EXERCISE DESCRIPTION => With every picture left out, restate the listing below exactly as written.

SUPPLIED INFORMATION =>

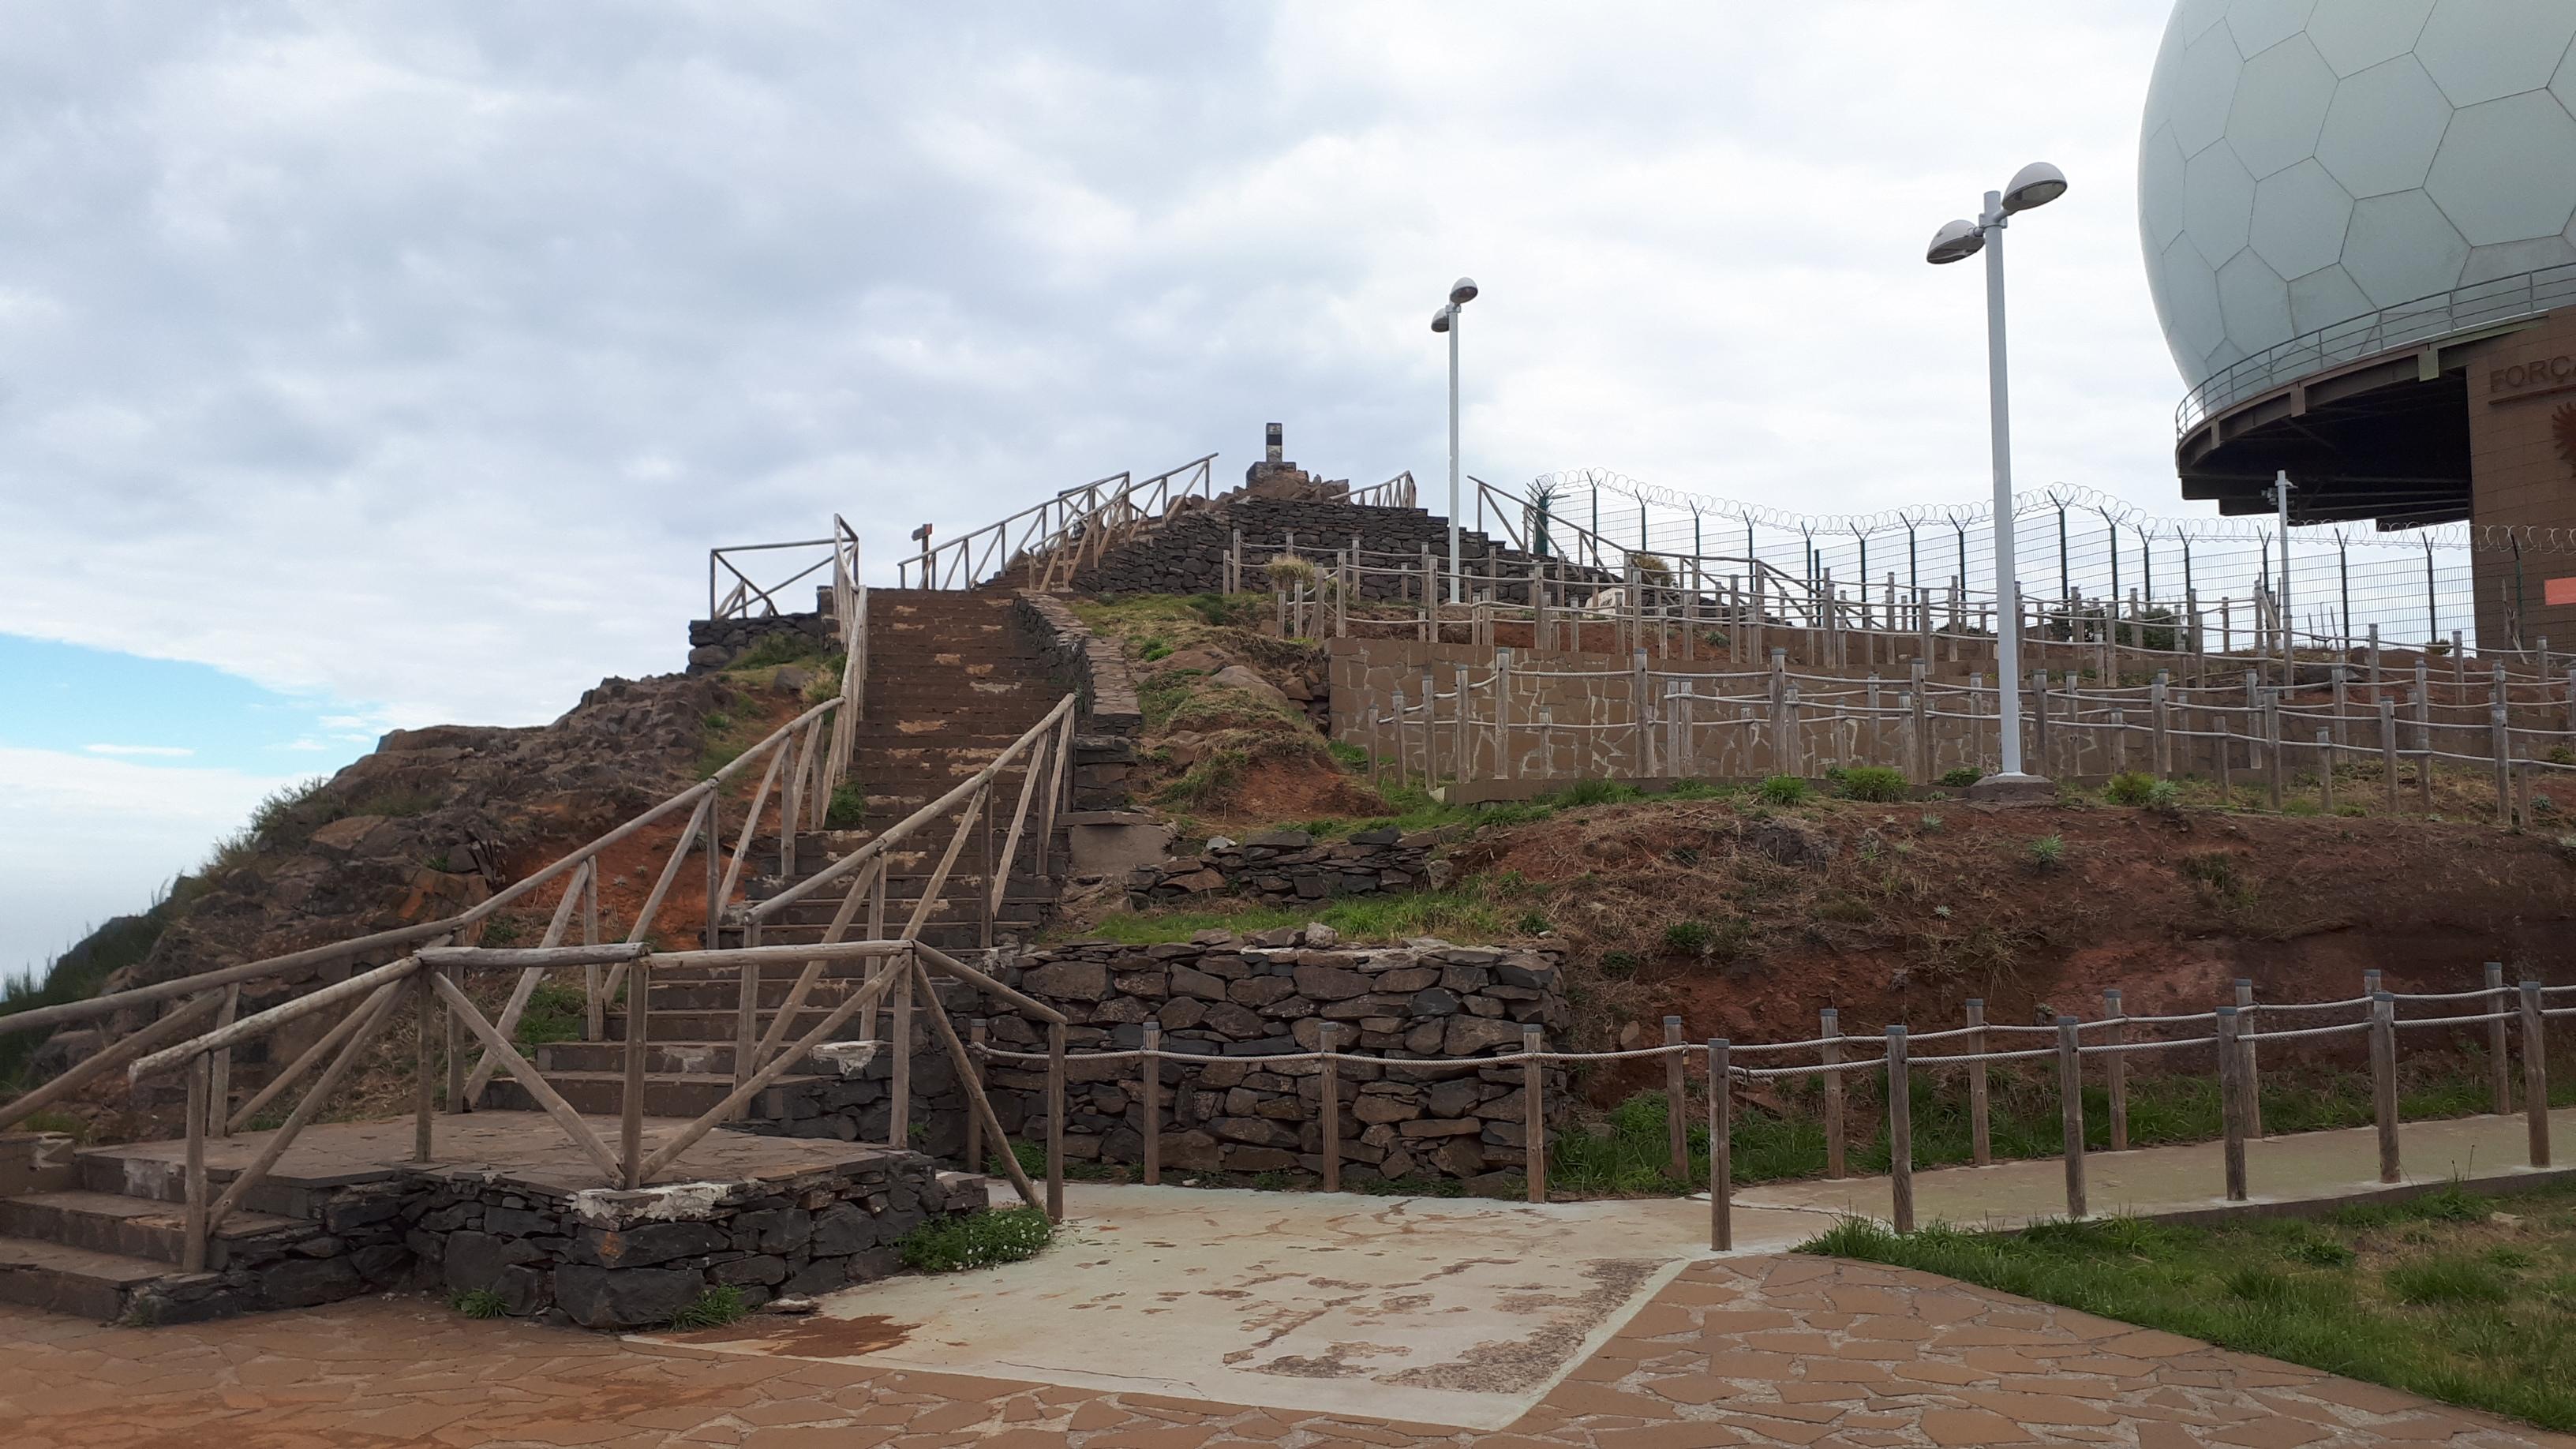 The untidy summit of Pico Areiro
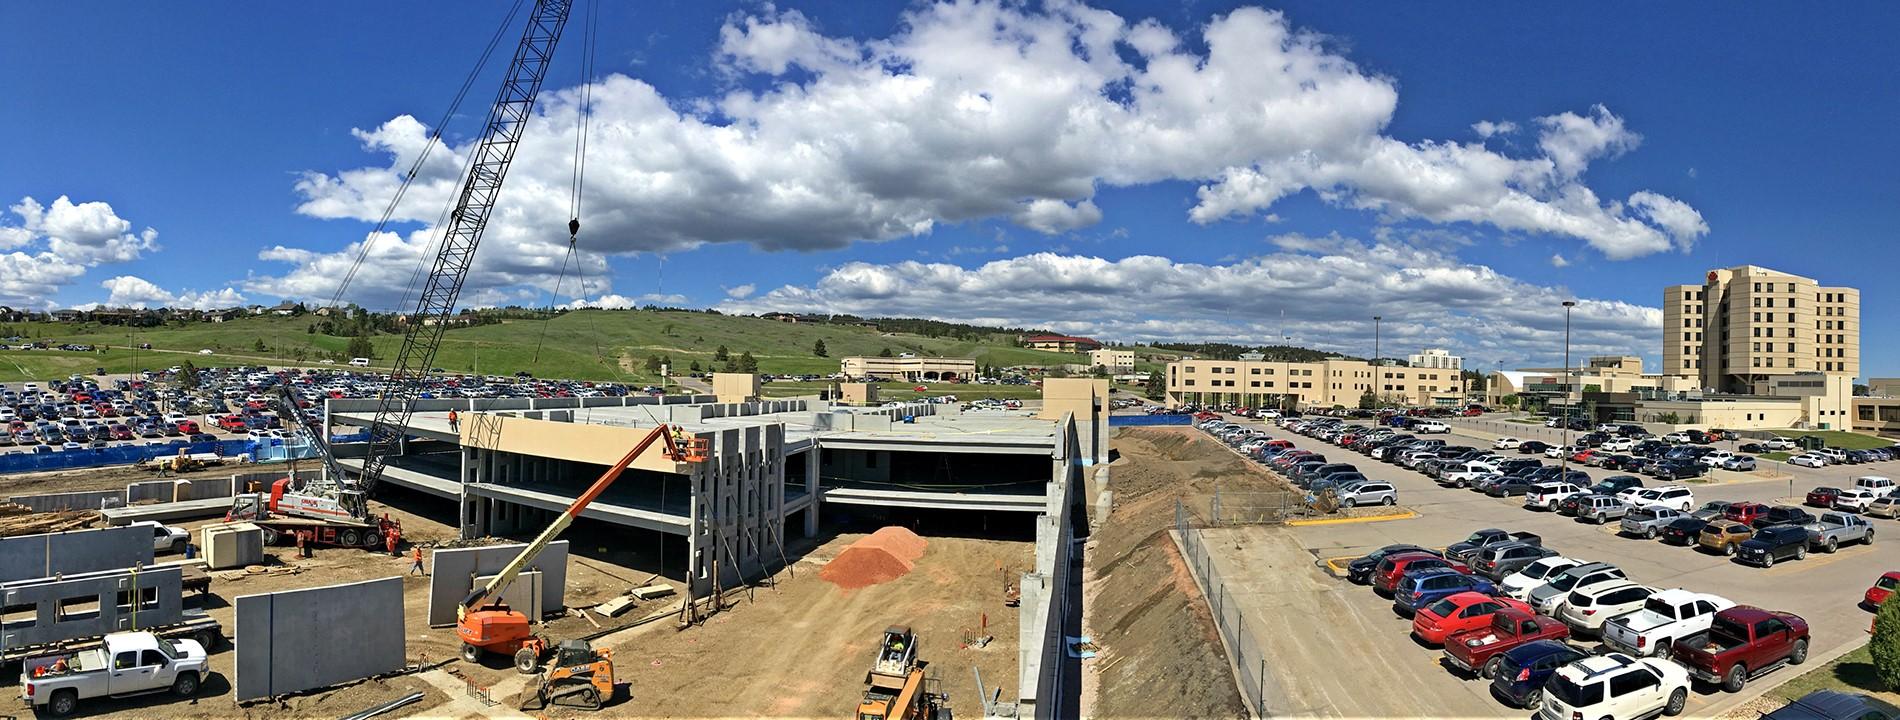 Rapid City Regional Hospital Parking Structure
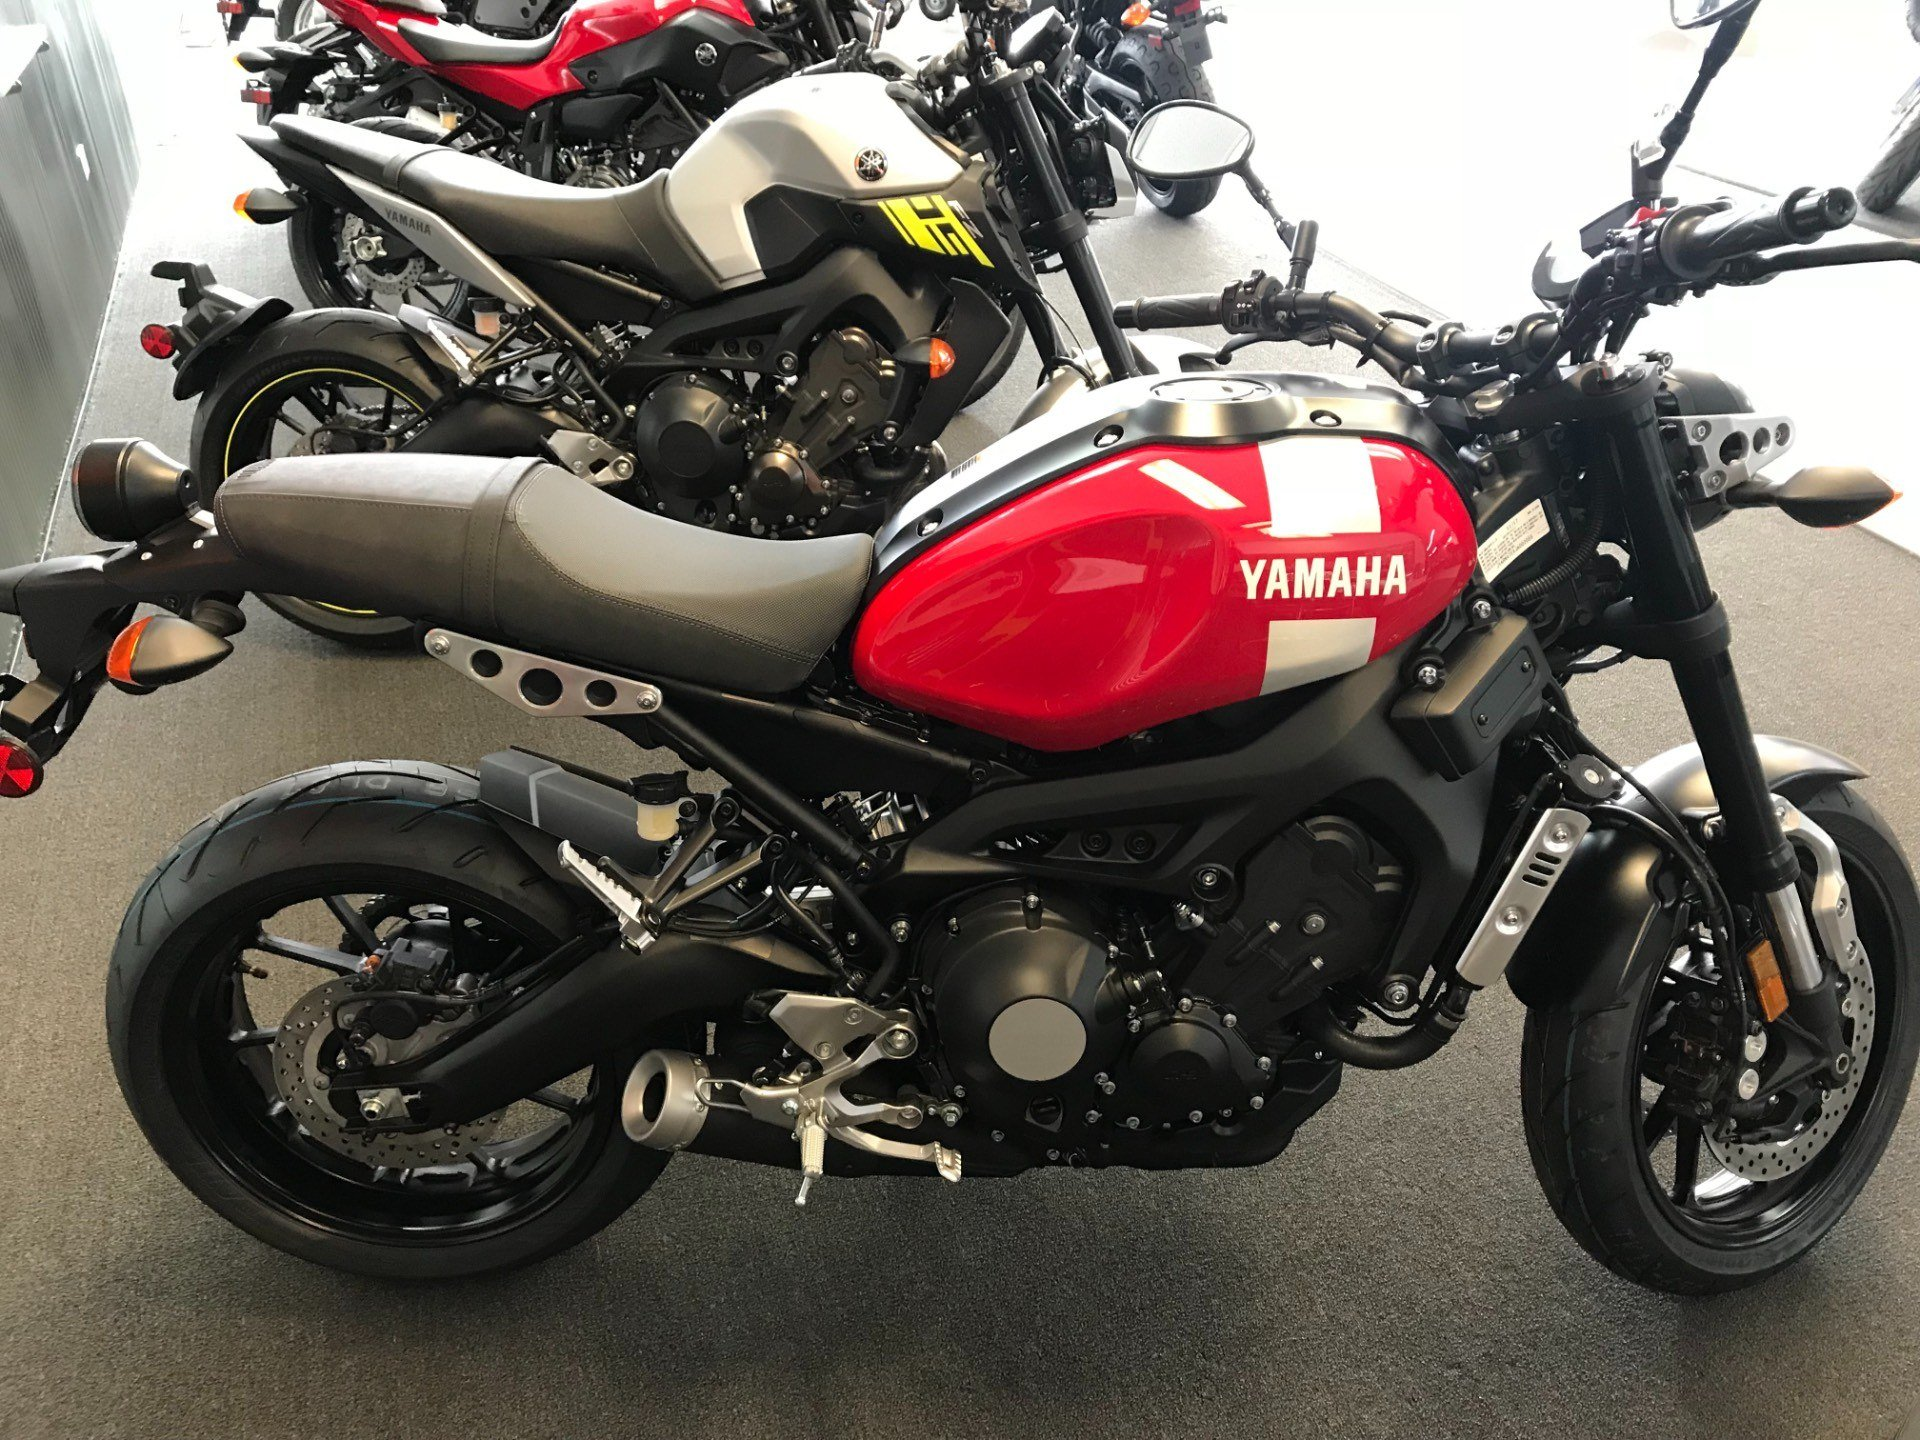 2018 Yamaha XSR900 for sale 107378

OUTPUT FOR THIS EXERCISE =>
 The untidy summit of Pico Areiro
 Rapid City Regional Hospital Parking Structure
 2018 Yamaha XSR900 for sale 107378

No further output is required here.